Could it be undissolved milk fat? Maybe Barb will know.


----------



## hsmomof4

Becky, I got to thinking about your soap being hot...ordinarily, it would be hotter with all milk, everything else being equal. So was everything else equal? When you use milk with your lye, it's frozen, and you probably work hard to keep it cool so that the milk doesn't burn. Was your water ice, too? If not, that would mean that your lye/water mixture was probably at a higher temp than what you usually use, which would definitely move things along.


----------



## Huminbird

Stacy - Come to think of it yes, the water was probably much warmer when I poured it than I would allow it to be if it were milk. 

I unmolded and cut this morning and it is lovely soap. Usually my darker soaps are very splotchy when I first cut and then everything turns an even dark brown but not this time, actually the darker soap stayed quite a bit lighter (frankincense and myrrh) than usual and I am wondering if it will turn into the chocolate colored bar it usually does.

Cindy - I do suspect that my splotches have something to do with the milk fat. Does it start to saponify before the other oils because it comes into contact with the lye first? All of my milk is frozen solid when I use it, sometimes frozen, thawed and then frozen again into the correct size of chunk. I don't use milk cubes, I found them way to hard to get out of the cube tray.

Thanks!


----------



## NubianSoaps.com

Spray your cube tray with pam first.


----------



## nightskyfarm

I float my cube tray in hot water for 15 sec or so, they all come right out.


----------



## MF-Alpines

What about one of those standalone ice makers? Has anyone ever used one of those? Do you think it would work?


----------



## SimplyE

Huminbird said:


> Currently I use all milk for my liquid but I am tempted to switch to just enough water to mix my lye with.
> 
> My bars are a bit inconsistent, even with straining and using the stick blender in my lye mixture, I still get spots of (curdled milk? saponified milk fats?) in some of my soaps. This doesn't always happen but it seems to be happening more of late.
> 
> Vicki, in the straining milk thread, said that she starts with water and that makes it so much easier and it got me to thinking that maybe this is a good way to go.
> 
> Will it make that much of a difference in the quality of my bars to switch to part water? I am thinking of doing a little over half my liquid as milk for label appeal.
> 
> I don't want to disappoint my customers quality wise but I would like to simplify my method as the business grows and this seems like it would make the whole process that much easier.
> 
> I will do a test batch of course but I would like other people's opinions as well.
> 
> What did you start out with? All water? All milk (this is all I have ever done)? Half and half?
> 
> What do you do now and why do you chose that method?
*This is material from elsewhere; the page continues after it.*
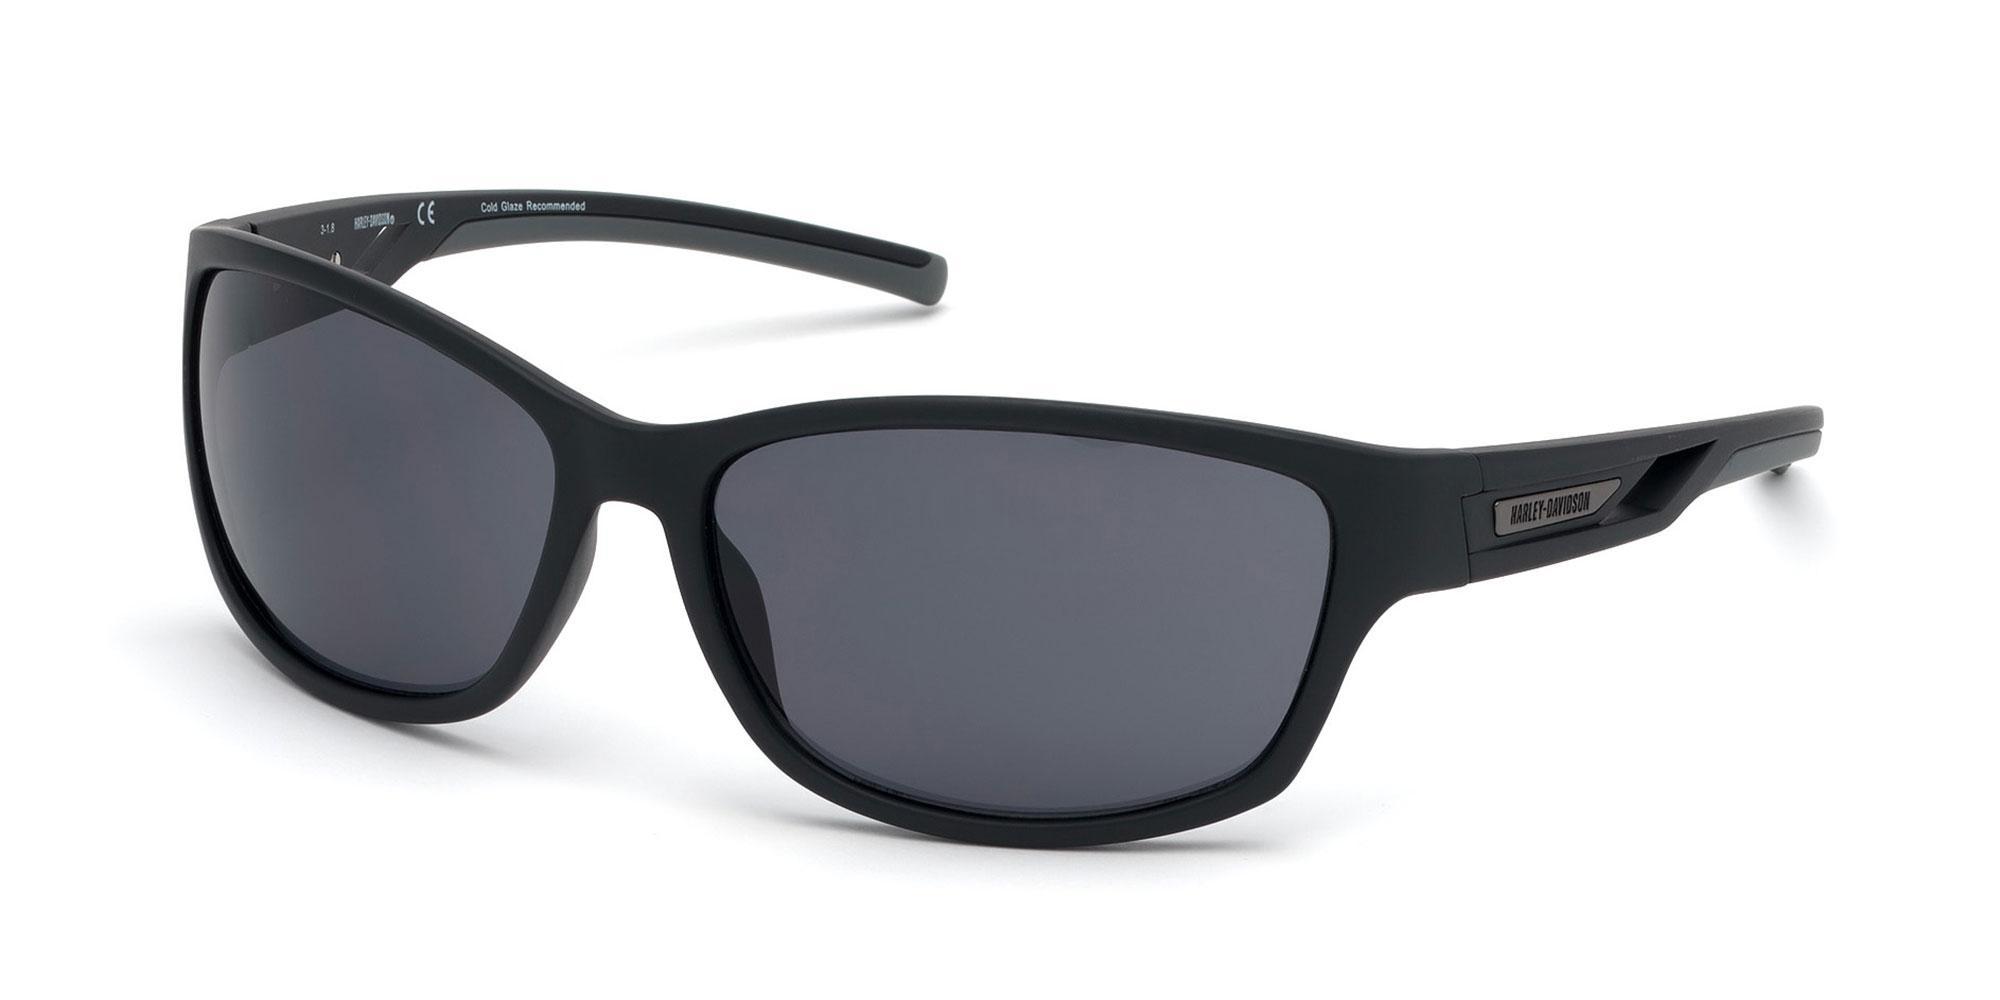 02A HD0925X Sunglasses, Harley Davidson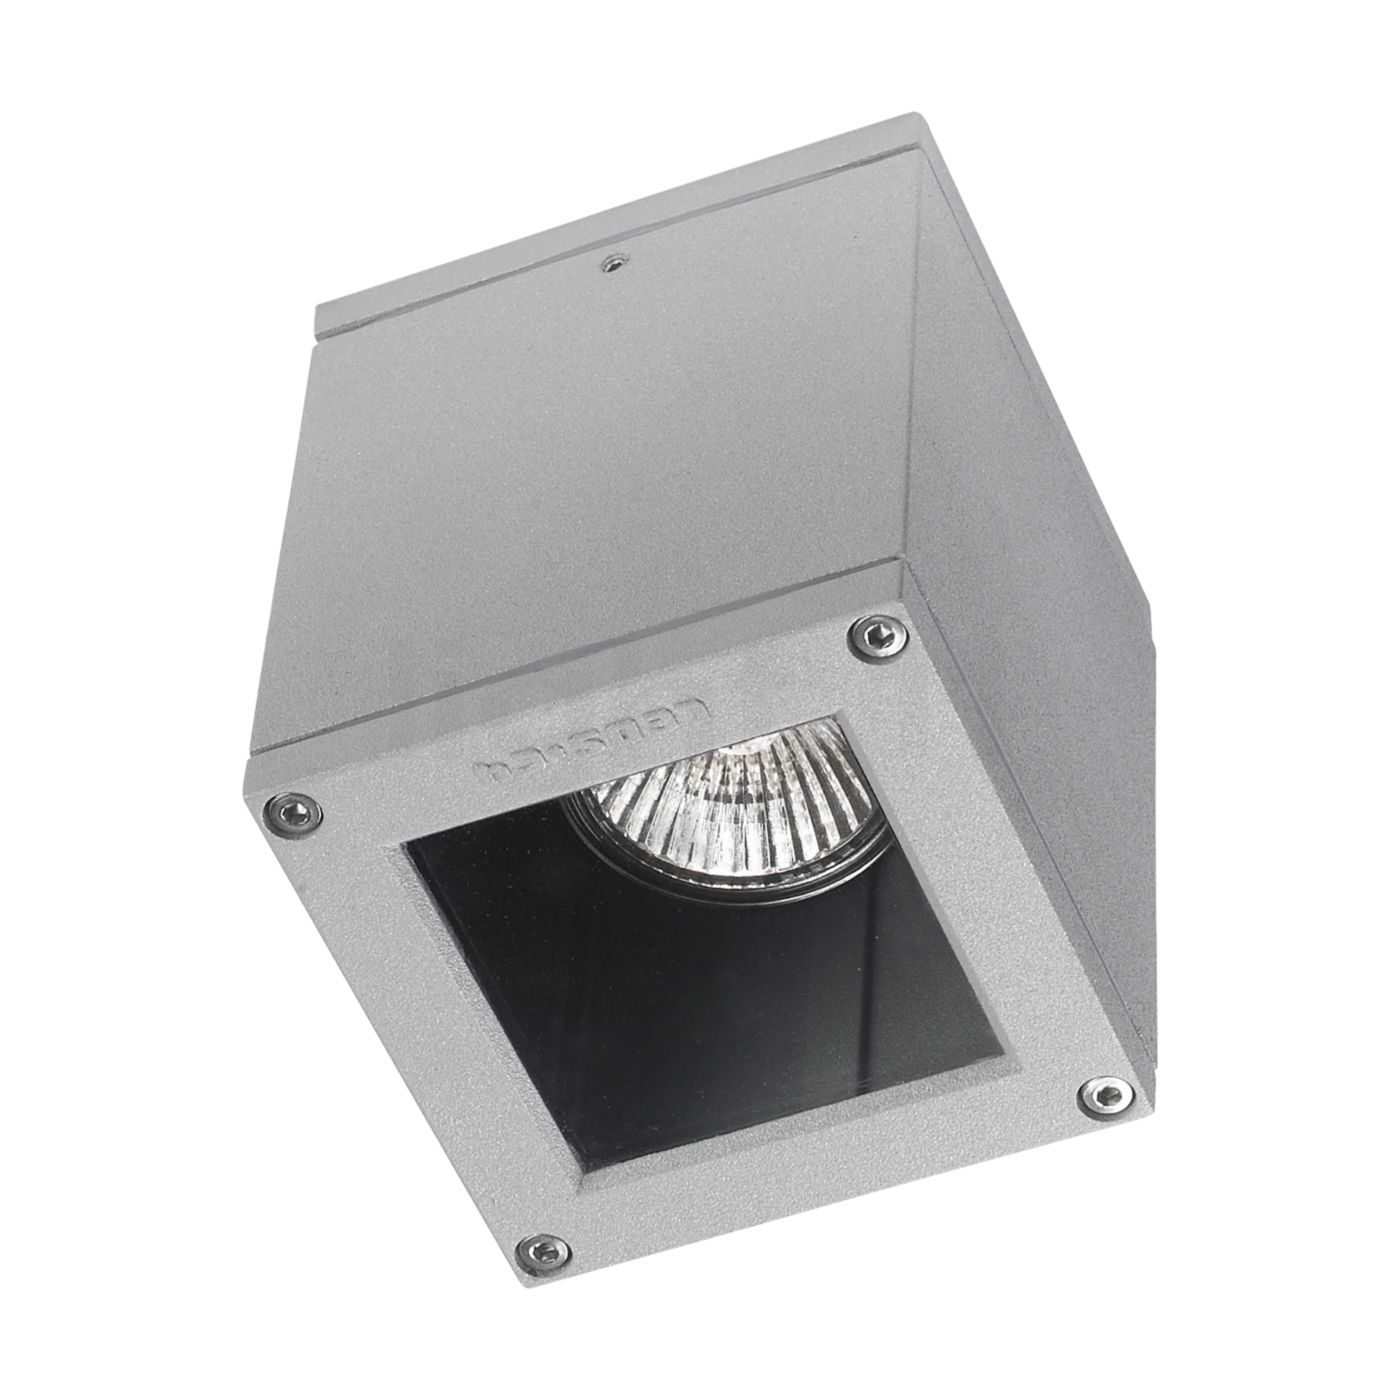 LEDS-C4 Afrodita GU10 Deckenleuchte, grau 15-9480-34-37

My 100% GM soap does this exact thing and it is making me nuts. I do the same thing, SB and strain, to no avial. Did you figure anything out? I too have considered going to a 50/50 mix for the same reason. I find that it does this with milk that seems to have more fat in it. Would love to hear your thoughts on this after a month has gone by.


----------



## Huminbird

Okay, it has been a little over a month and this is what I learned:

What I don't like: The soap that I made with 50% water is a tiny bit softer and I am not quite sure why that is. It also has more tiny bubbles in it but I believe that is my fault for not letting the water cool enough before adding it to the oils and that sped everything up quite a bit. In the shower the water soap is not as bubbly. The recipe was the exact same as usual besides the water being added. I find this to be true as well as my hubby. It still lathers well but has more of the big bubbles and less of the creamy lather that I love with goat's milk soaps.

What I do like: Easier to make and I didn't have any of the spots I have been experiencing. I believe that once I got a system down with this it would be much faster to make. About half my soap making time is spent on the milk mixing with the lye. I use a solid frozen chunk of milk to start out with and this may be why it takes me so incredibly long. 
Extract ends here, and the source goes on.